I never once stated that everybody who goes out and buys their first horse has no knowledge of horses whatsoever, but I have seen far too many people go out and buy a horse and then they end up either hurting themselves or their horse. Worse yet is when these people who rush into horse ownership finally realize how much a horse costs (and the fact they can't afford it) and how underprepared they are to handle the 2 year old colt they bought, so they send them off to auction where chances are the kill buyer scooped the horse up and its now on its way to a canadian slaughterhouse.

I am glad when people go out and do their homework and actually learn proper horsemanship _before _they ever consider buying a horse. And thats the whole point of my (and all the other posters) post. People need to realize that horses are not dogs or cats. They are 1,200 expensive and time consuming pounds of muscle, and they aren't afraid to use it. 

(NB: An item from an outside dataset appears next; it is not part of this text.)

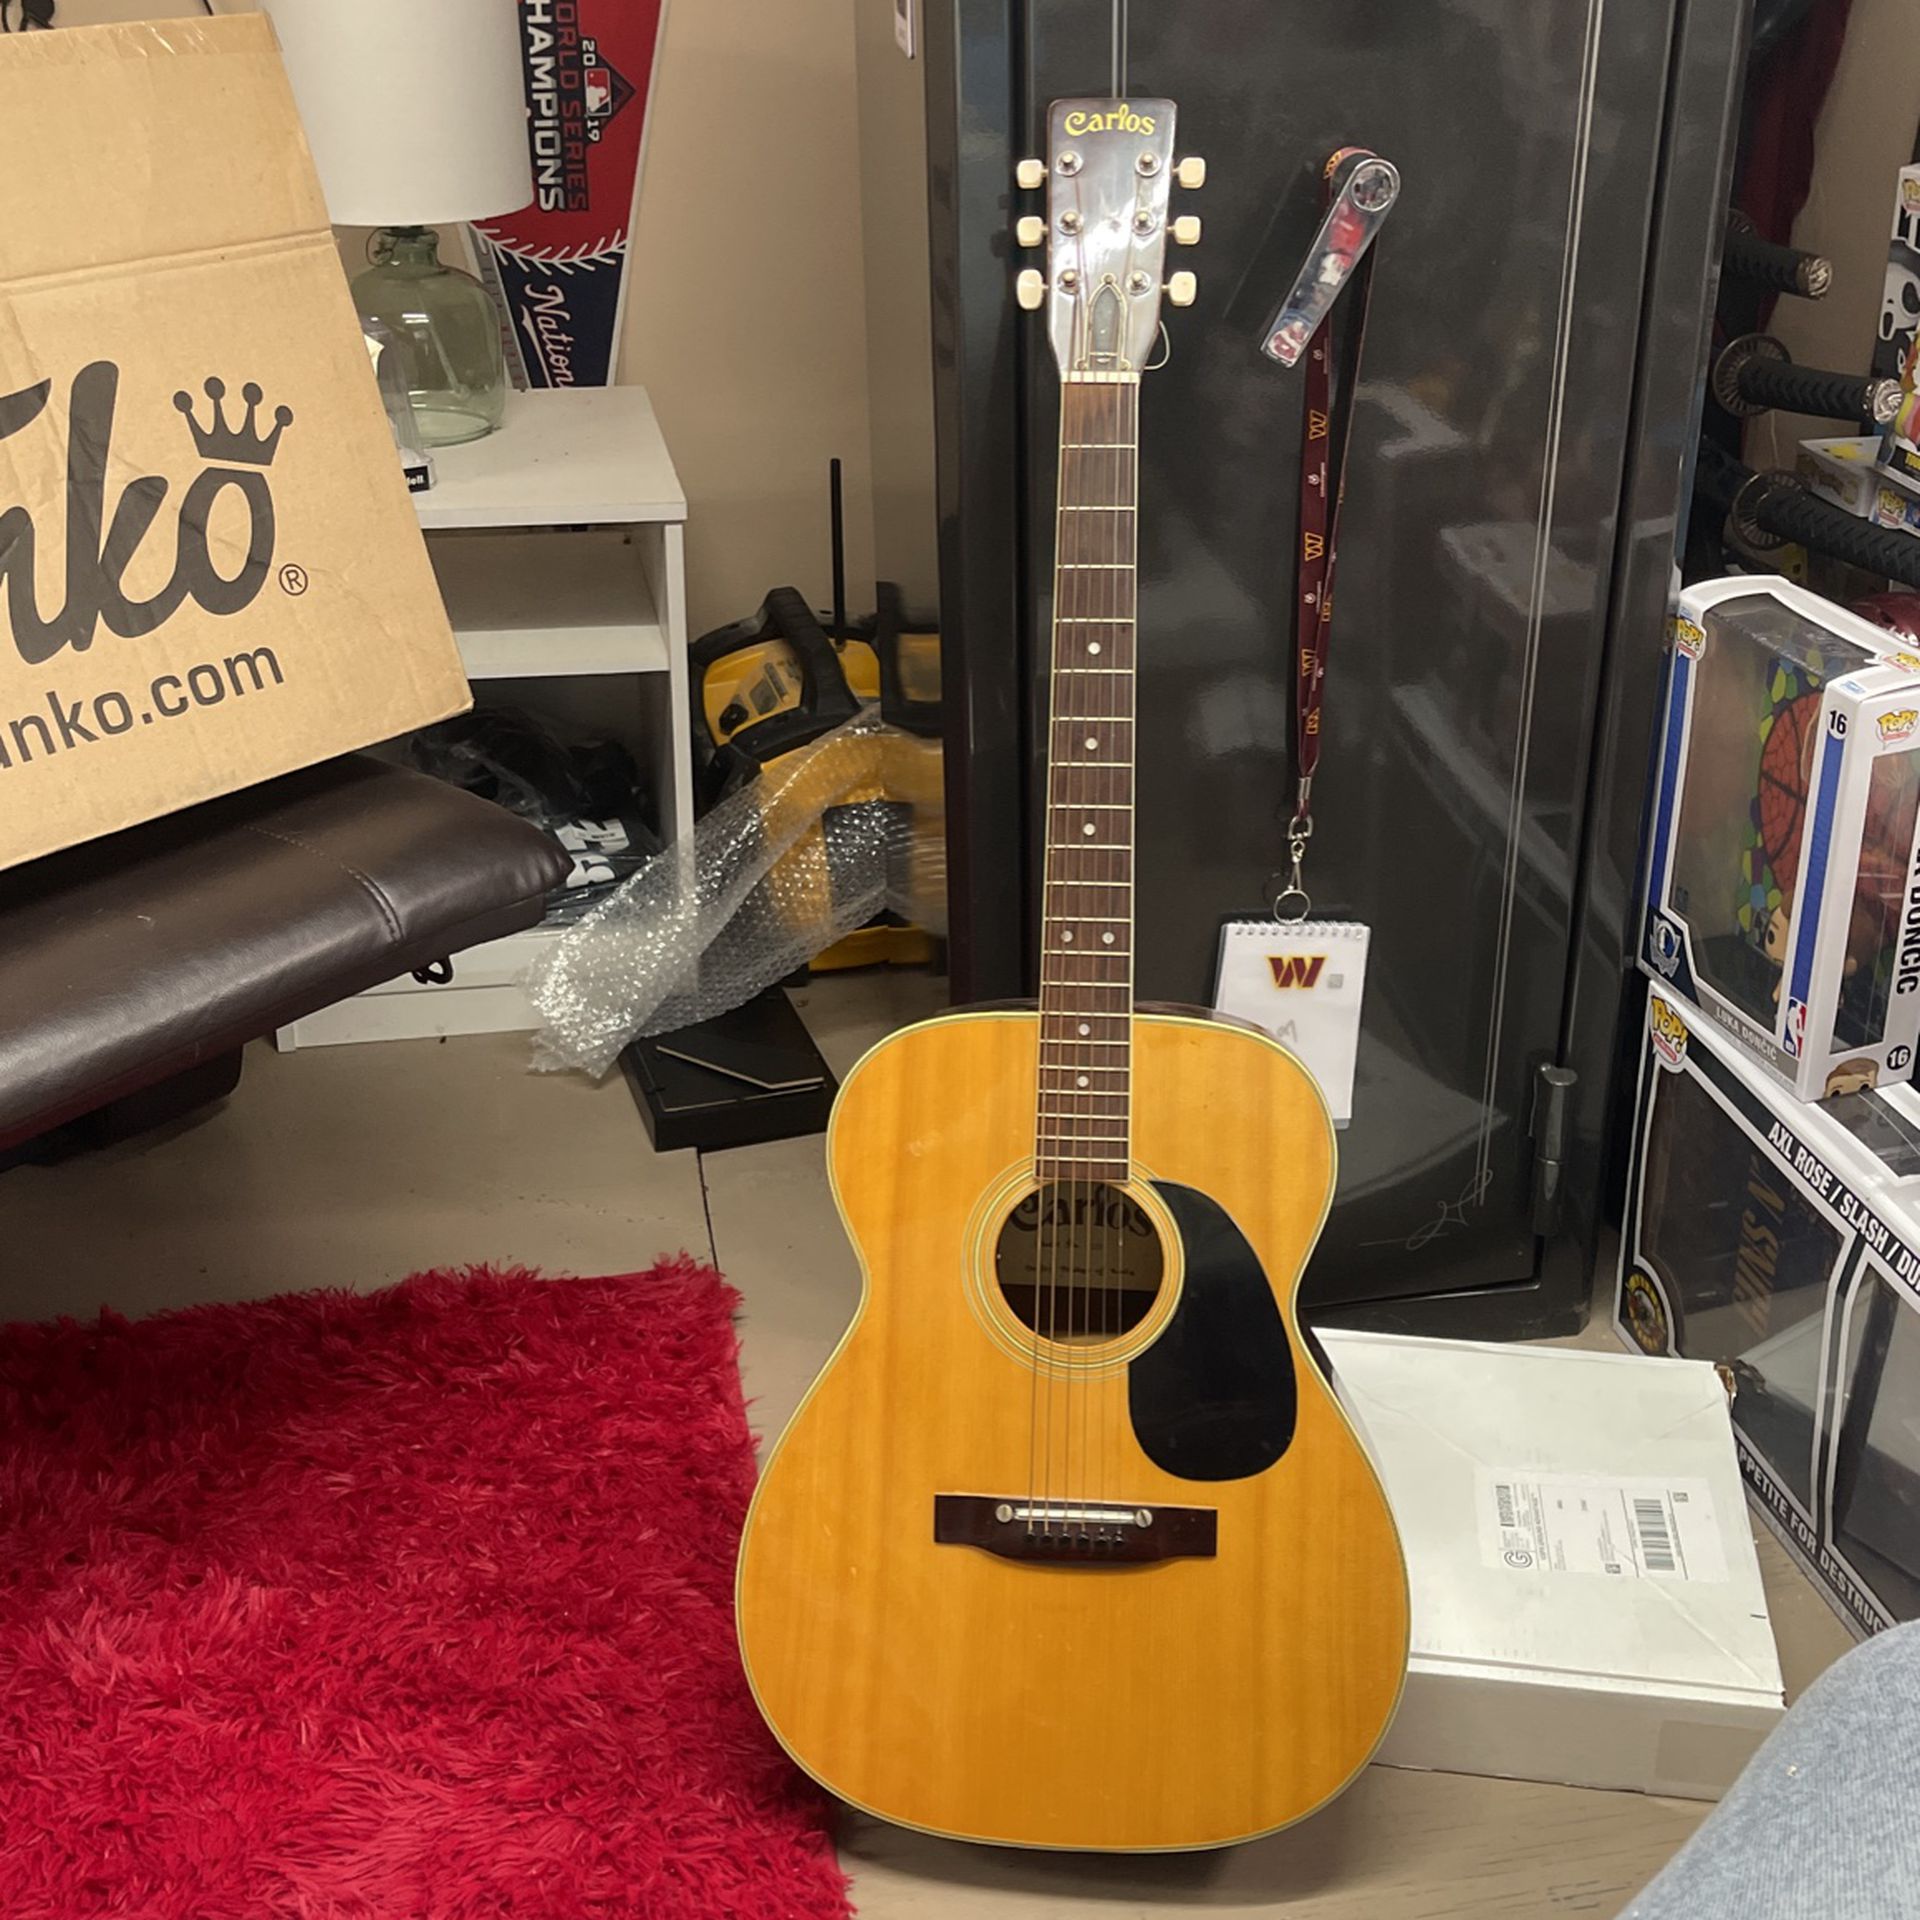 Carlos Acoustic Guitar Model 210
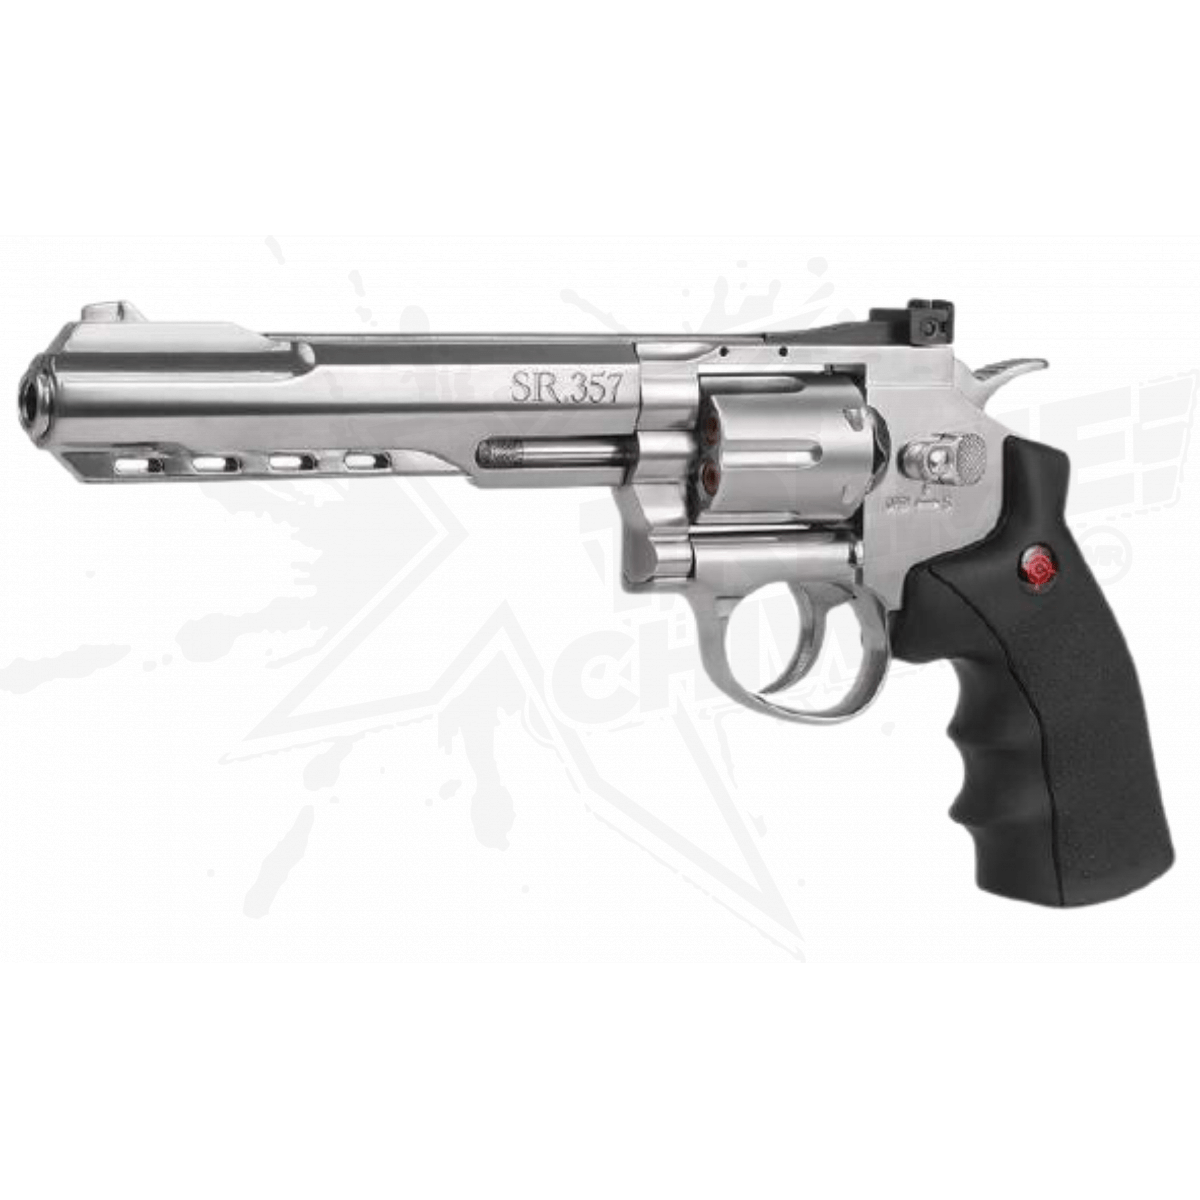 Pack Revolver Aire Comprimido (CO2) Gamo GR-Stricker, Revolver co2, Gamo  4,5 mm, potencia 3 Julios, 125 m/s, alza regulable, mira abierta, Pistola  bolas + Candado de Seguridad Yatek. Baratas, Precios y Ofertas

Like you serafina, I've never owned a horse in my life, but I'm making d*mn sure I know I'm more than prepared when the time comes for me to get one. Am I going to have the answers to everything? No. But does any horseman; regardless of their expeerience level? Nobody can know everything there is to know about horses, and that is one of the many reasons this forum is around. So people who have questions about horses can get them answered. The bottom line of my entire post*; Learn before you buy. *It's so much better for the horses in the long run if people (especially the people who know diddly squat about horses) realize how much time, effort, and knowledge goes into horse ownership _before _they go out and buy a "pweddy poneh" that they can't handle and/or afford.


----------



## Calmwaters (Aug 24, 2011)

A Knack For Horses-Thank you for posting this thread I honestly belive it should be a sticky. I have owned horses before but it was 10 years ago this was a nice refresher to what I am getting myself into.


----------